Comment les inspecteurs de police pouvaient raisonnablement travailler en ces lieux, en de telles circonstances?  Cela explique surement  leur mauvaise humeur permanente et ce manque apparent d'empathie. 

On le fit s'asseoir devant l'inspecteur du fond, un homme svelte, presque chauve mais au regard pétillant derrière ses lunettes de myopie. Celui ci lui adressa à peine un regard et se concentra dans une saisie effrénée sur son clavier, s'arrêtant de temps en temps pour scruter longuement l'écran d'ordinateur. 

- Nom, Prénom, Date et lieu de naissance lança-t-il.

- Enfin quelqu'un pour m'écouter, laissez moi enfin vous donner ma version des faits!

- Désirez vous du café Monsieur?

Le ton était si soudainement doux que Mactar se laissa emporter, il se dit en lui même, après tout pourquoi pas? 

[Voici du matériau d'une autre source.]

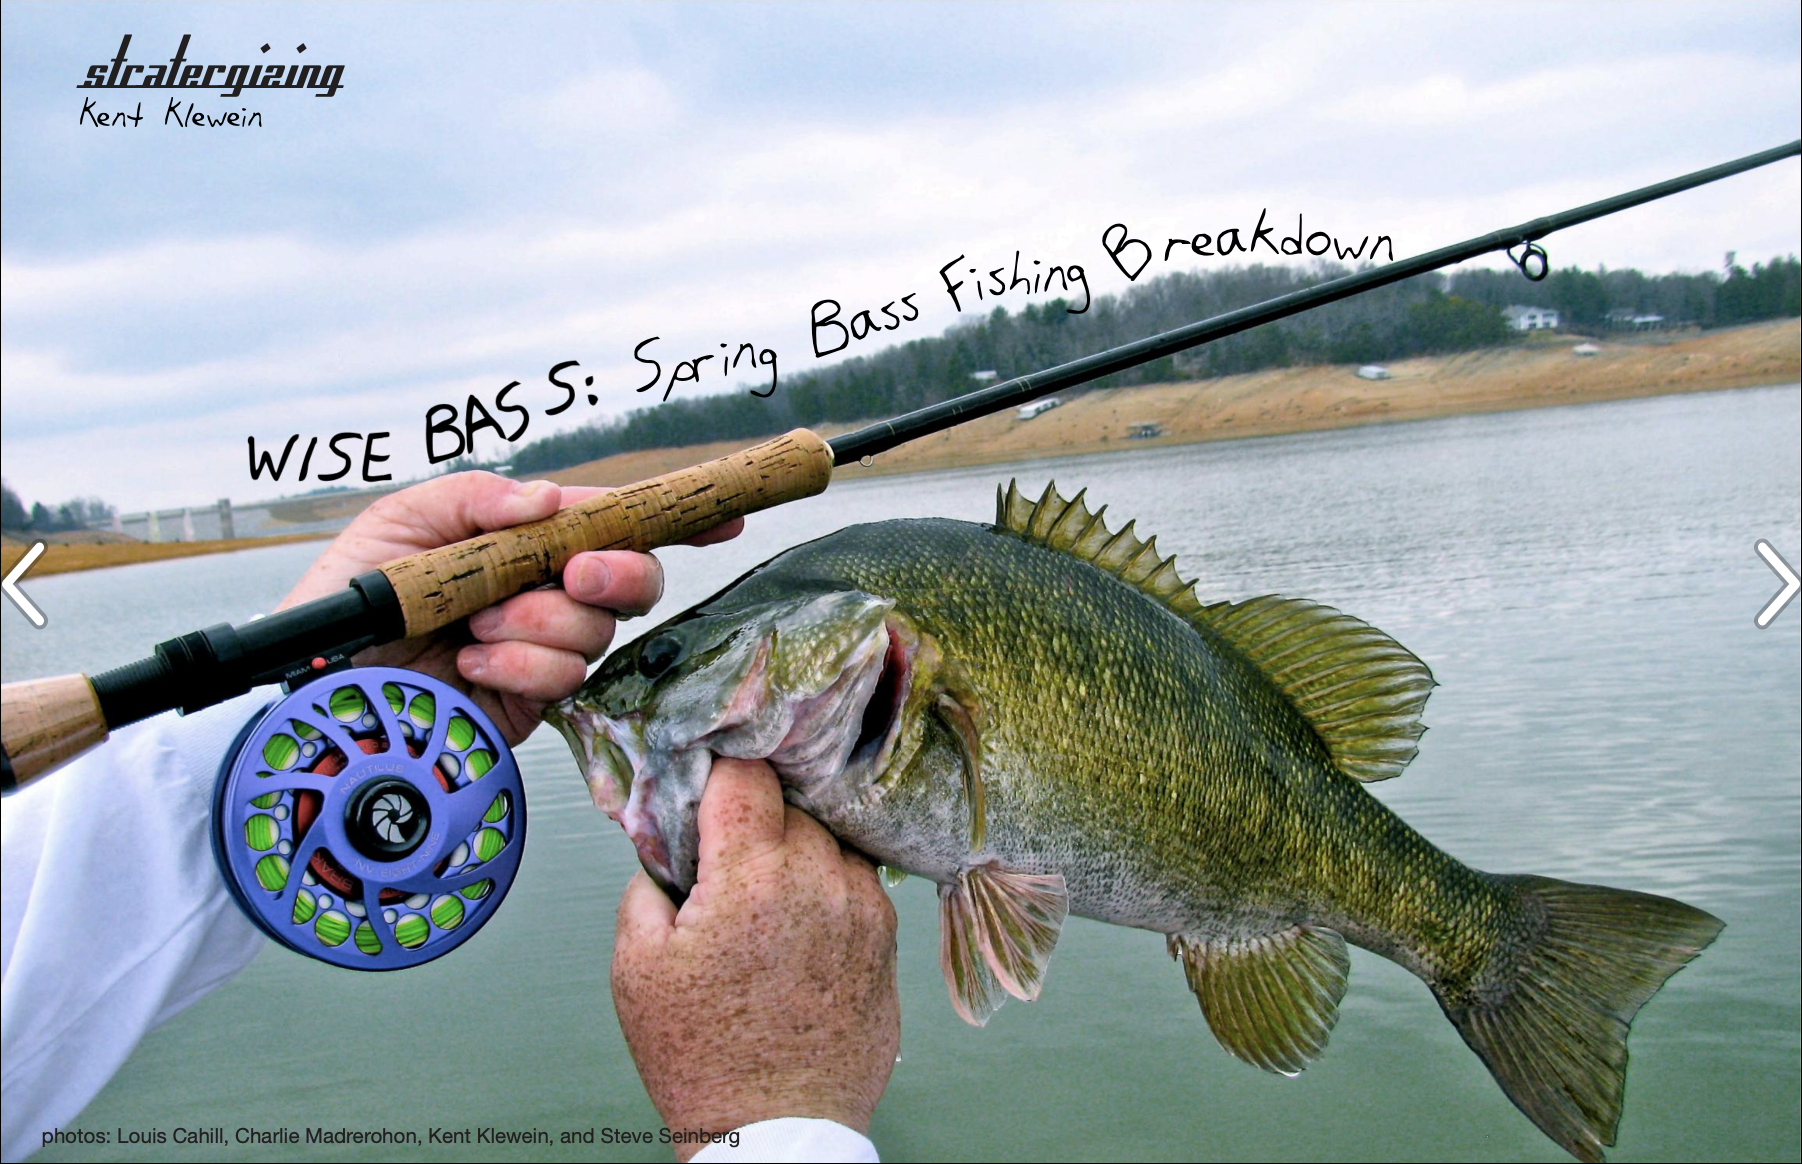 WISE BASS: Spring Bass Fishing Breakdown, Part 1

- Euh oui s'il vous plait!

- Vous n'êtes pas dans un hôtel mon gars, tonna l'inspecteur! Nous nous foutons bien de ce que vous pourriez bien désirer, répondez aux questions et ne m'emmerdez plus! Nom, Prénom, Date et lieu de naissance répéta-t-il sous un ton qui ne laissait aucun doute sur son sérieux.

- Diallo, Mactar, 06/05/1980.

- Voilà Monsieur, aidez moi à faire mon travail, je suis là pour vous écouter d'ailleurs Monsieur Diallo, donc ne précipitons pas les choses, adresse?

Après quelques séries de questions sur lui et son environnement, ils en vinrent au faits.

Mactar expliqua avec fortes détails les événements, ponctuant de gestes et de remarques son récit. Mais pour l'inspecteur Kébé en charge du dossier, sa longue carrière  lui avait appris que tous les suspects baratinaient. Et le récit rocambolesques de l'homme assis devant lui, presque nu ne sortait pas du cadre habituel. Il rompit la montée volubile de Mactar en appelant depuis son combiné téléphonique un autre agent à qui il demanda qu'on lui enleva son pantalon pour lui en mettre un autre ainsi qu'un tee shirt. 

Mactar commençait à croire à l'humanité de l'inspecteur. A son retour, il tint à l'en remercier vivement. Intérieurement, L'inspecteur Kébé riait, ces scènes se répétaient si souvent. 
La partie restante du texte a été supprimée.